In December 2008, Indian markets reversed the 3 month trend of negative returns and ended with a 6.1% gain on the Nifty and 7.4% on the Sensex. This trend was in line with global markets where confidence increased on government’s ability to manage the fall out of the credit crisis. CNX midcap and the BSE Small Cap index moved up by 13% and 12% respectively reflecting the fact that the market was slowly recognising the deep undervaluation available in the these segments.There was high volatility though we saw it tapering off towards the end of the month. Interest rate sensitive stocks particulary shone in this period. Trading volumes were though quite low. The outperforming Sectoral Indices for this month, were BSE REALTY (45.68%) and BSE Metal (18.96 %), whereas BSE IT (-12.93 %) and BSE Teck (-2.73 %) were the under performers.

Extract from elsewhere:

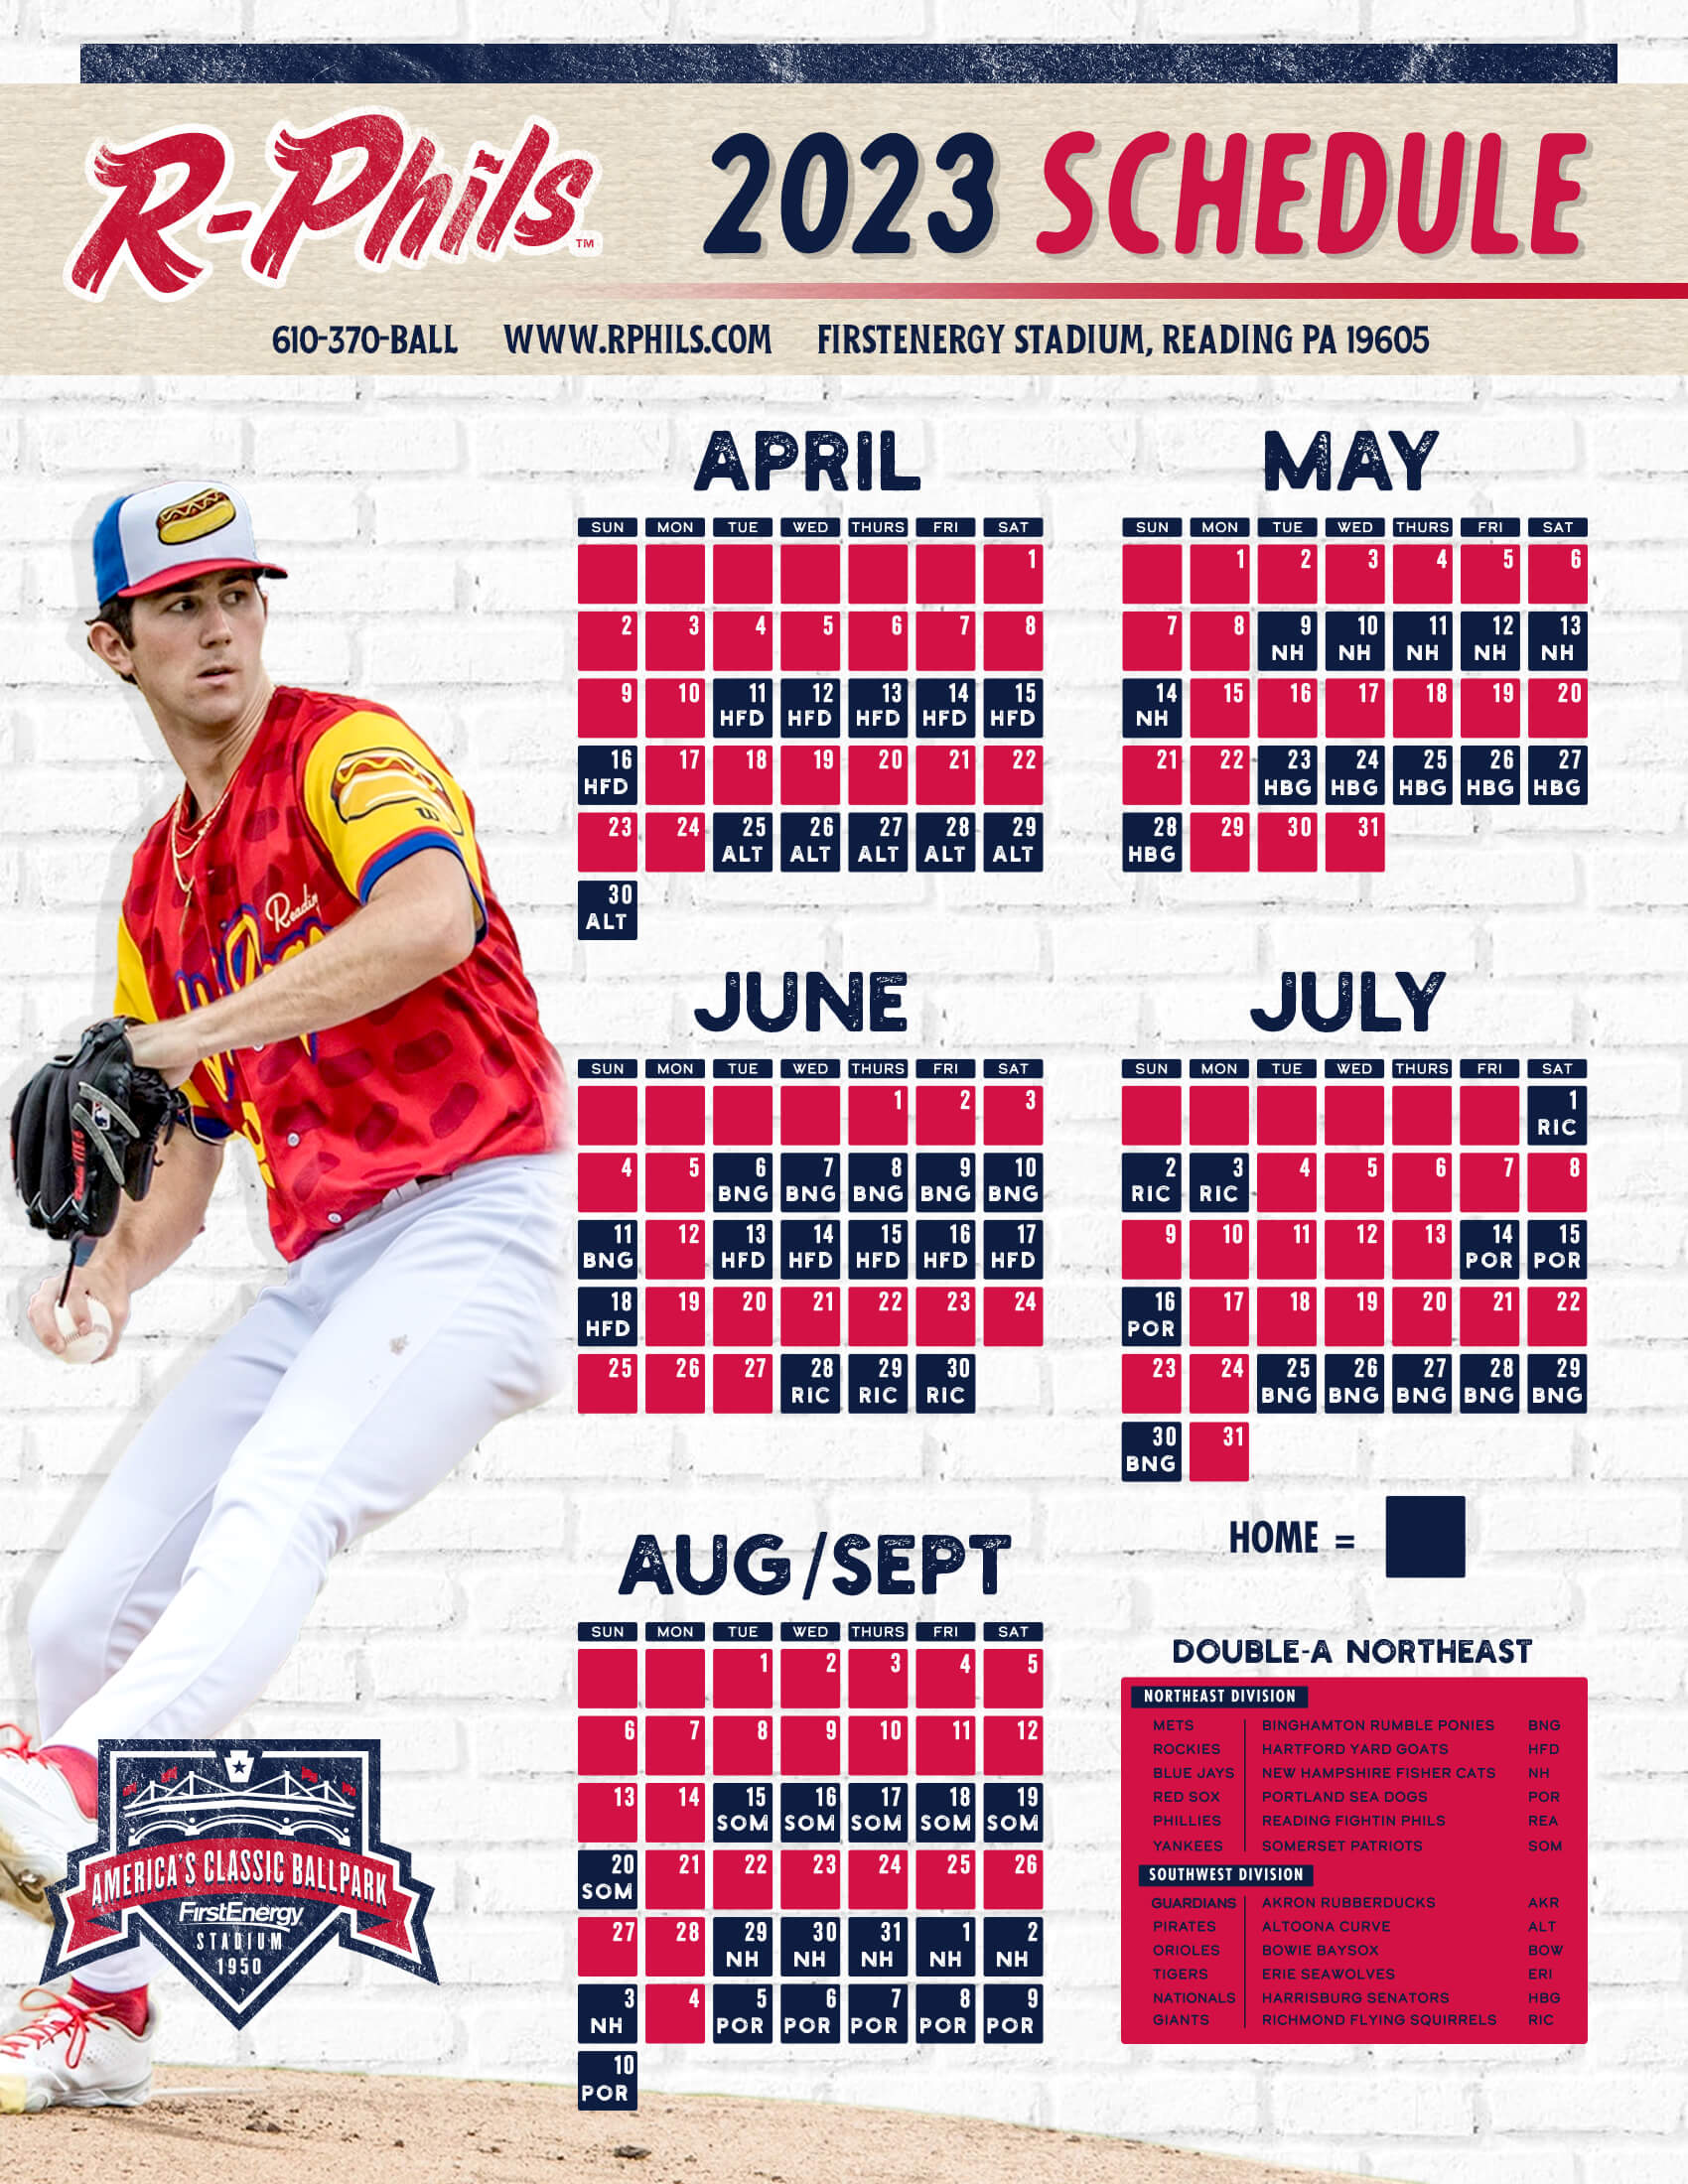 The 2023 Promotional Schedule is here!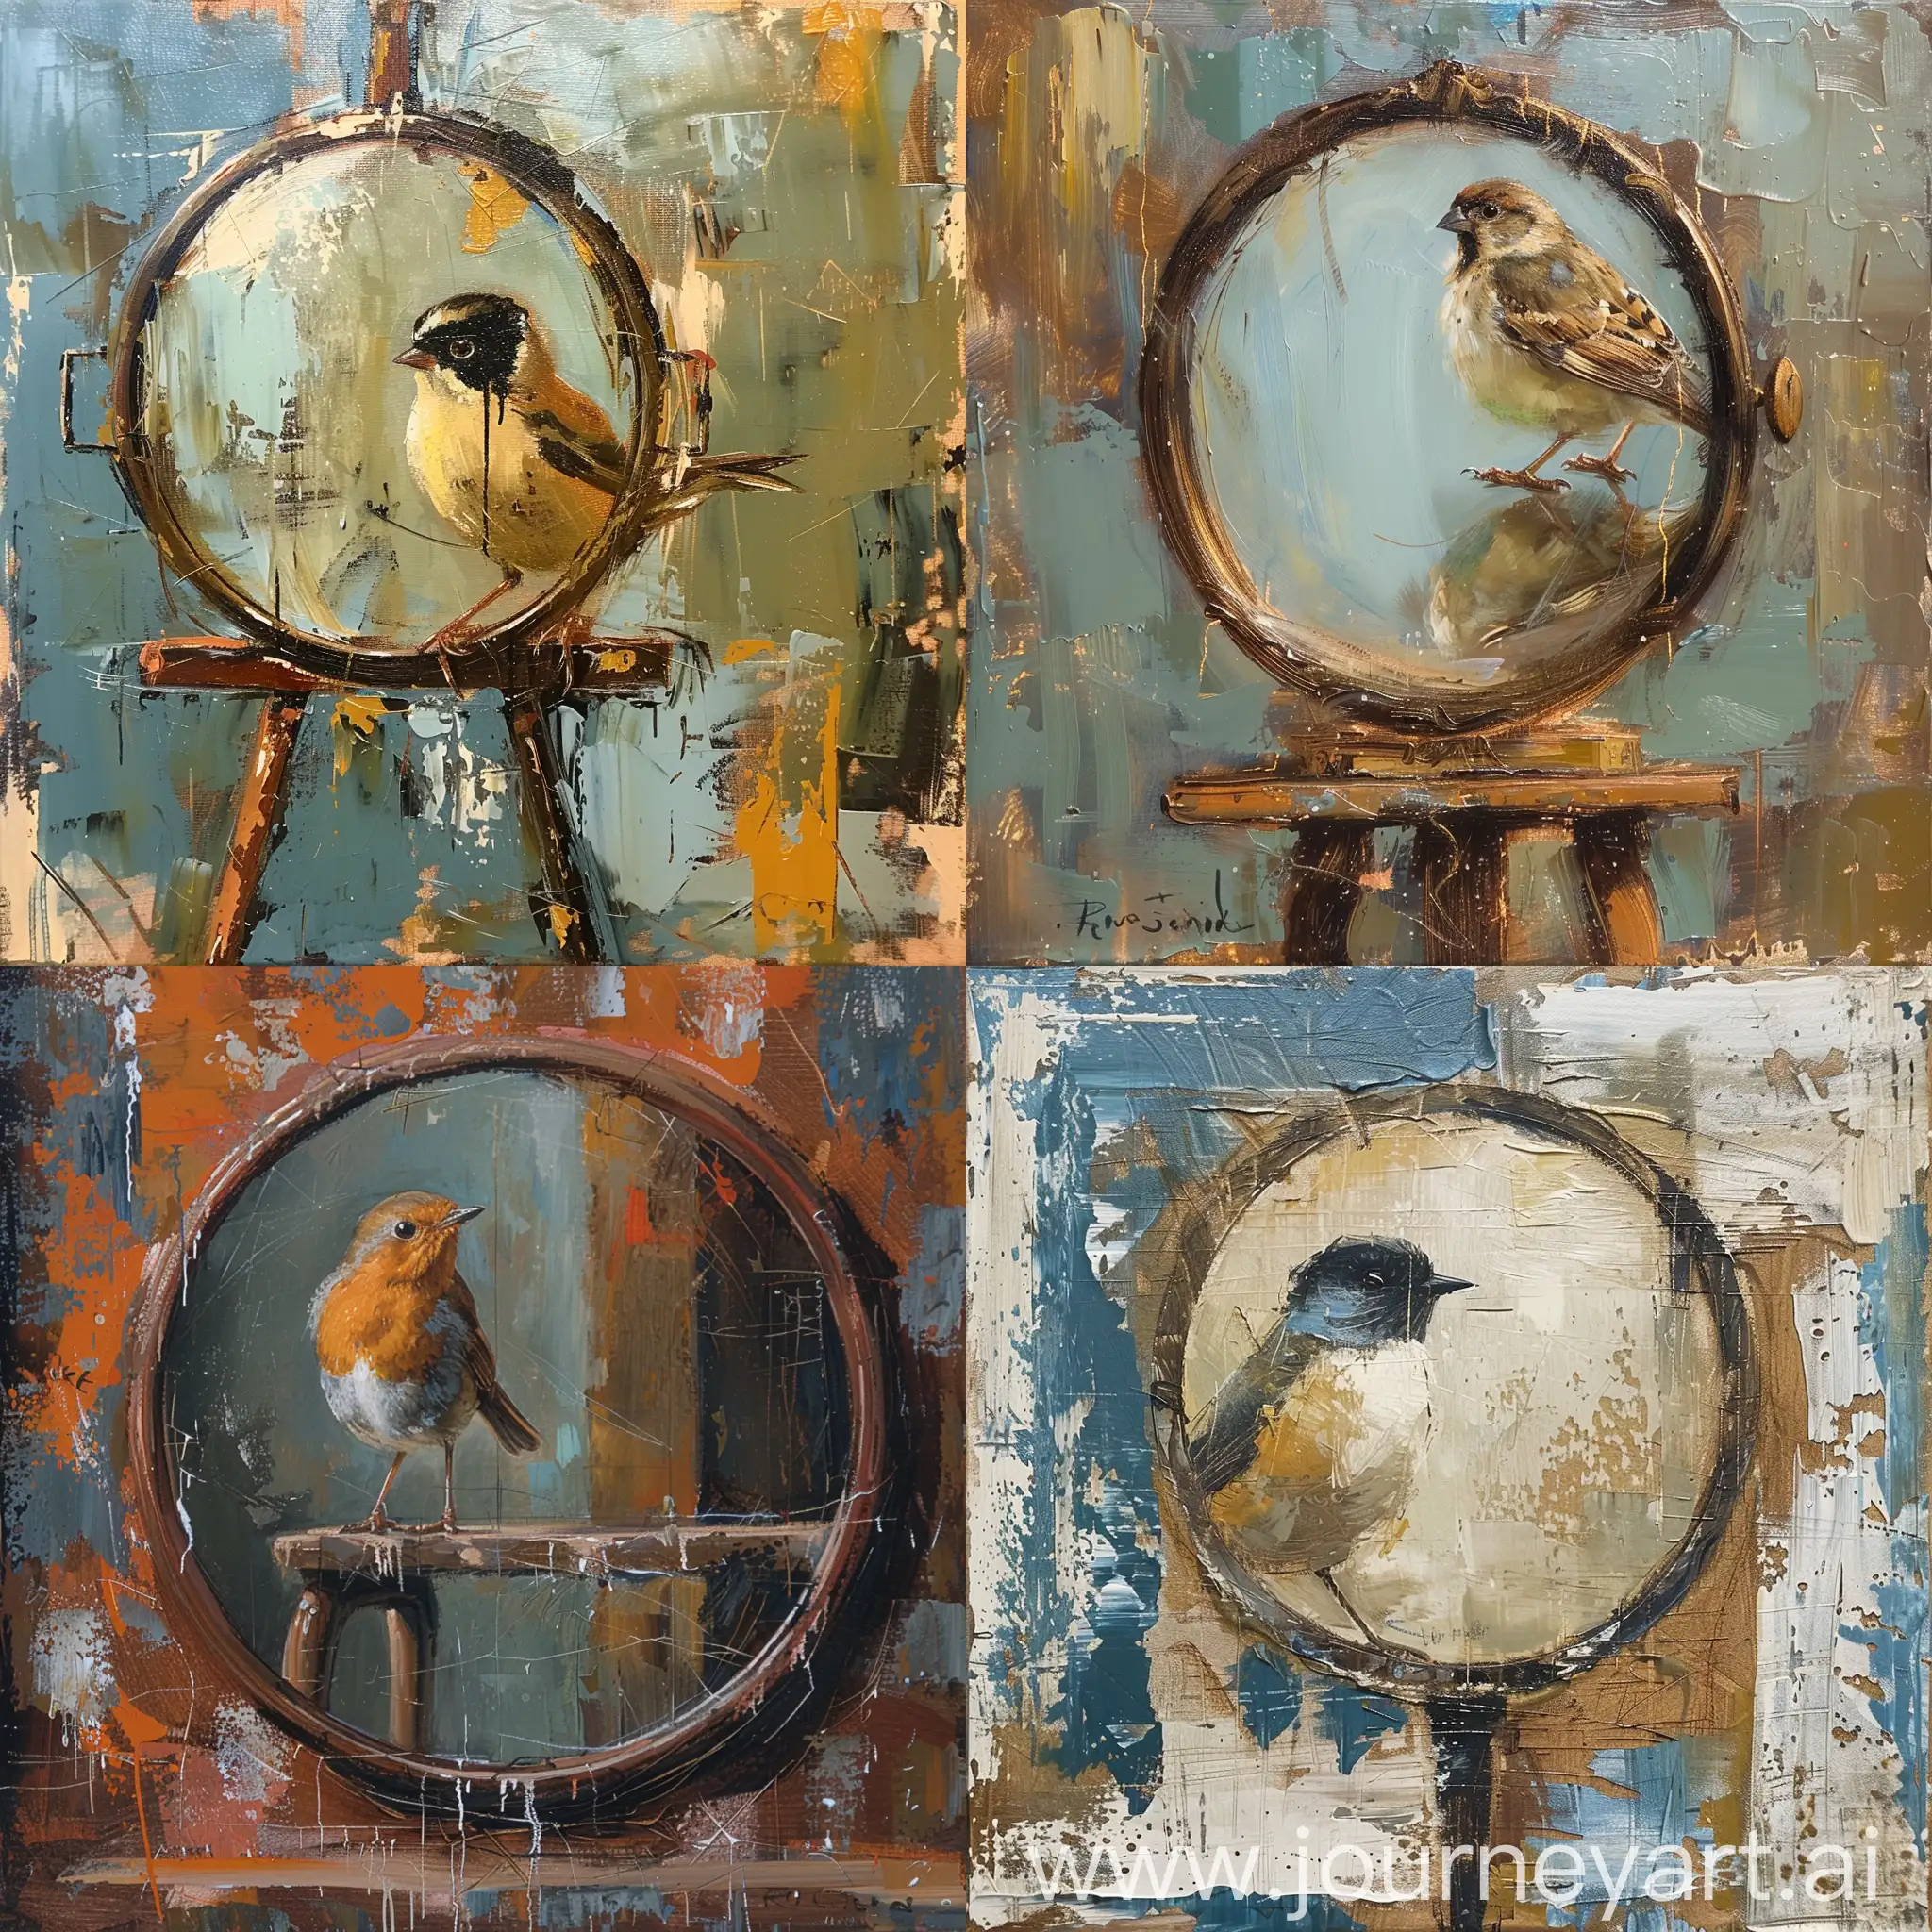 A BIRD IN THE MIRROR IN A 19 CENTURY abstract PAINTING STYLE

The stocks markets have been very volatile over the last few months as they try to find a future direction for themselves. The silver lining is that there has been a sharp fall in the commodity prices including crude which recently fell to sub USD35 / barrel levels. It is believed that in the current scenario most of the negative factors have been priced in. As such the probability of the markets going back to their earlier lows is low. Performance of the markets in December has been quite encouraging with first signs of stabililty emerging. The contributors to supporting the markets would be falling inflation and therefore interest rates declining. Sustainable bounce back in economic and corporate sector profit growth over the next couple of years should start towards the later part of 2009. Overall it is believed that we are in the last phase of a cyclical downturn in a long drawn structural upturn in the Indian economy and the next few months present good investment opportunity in capital market for investors with long term outlook. (Source: Bloomberg)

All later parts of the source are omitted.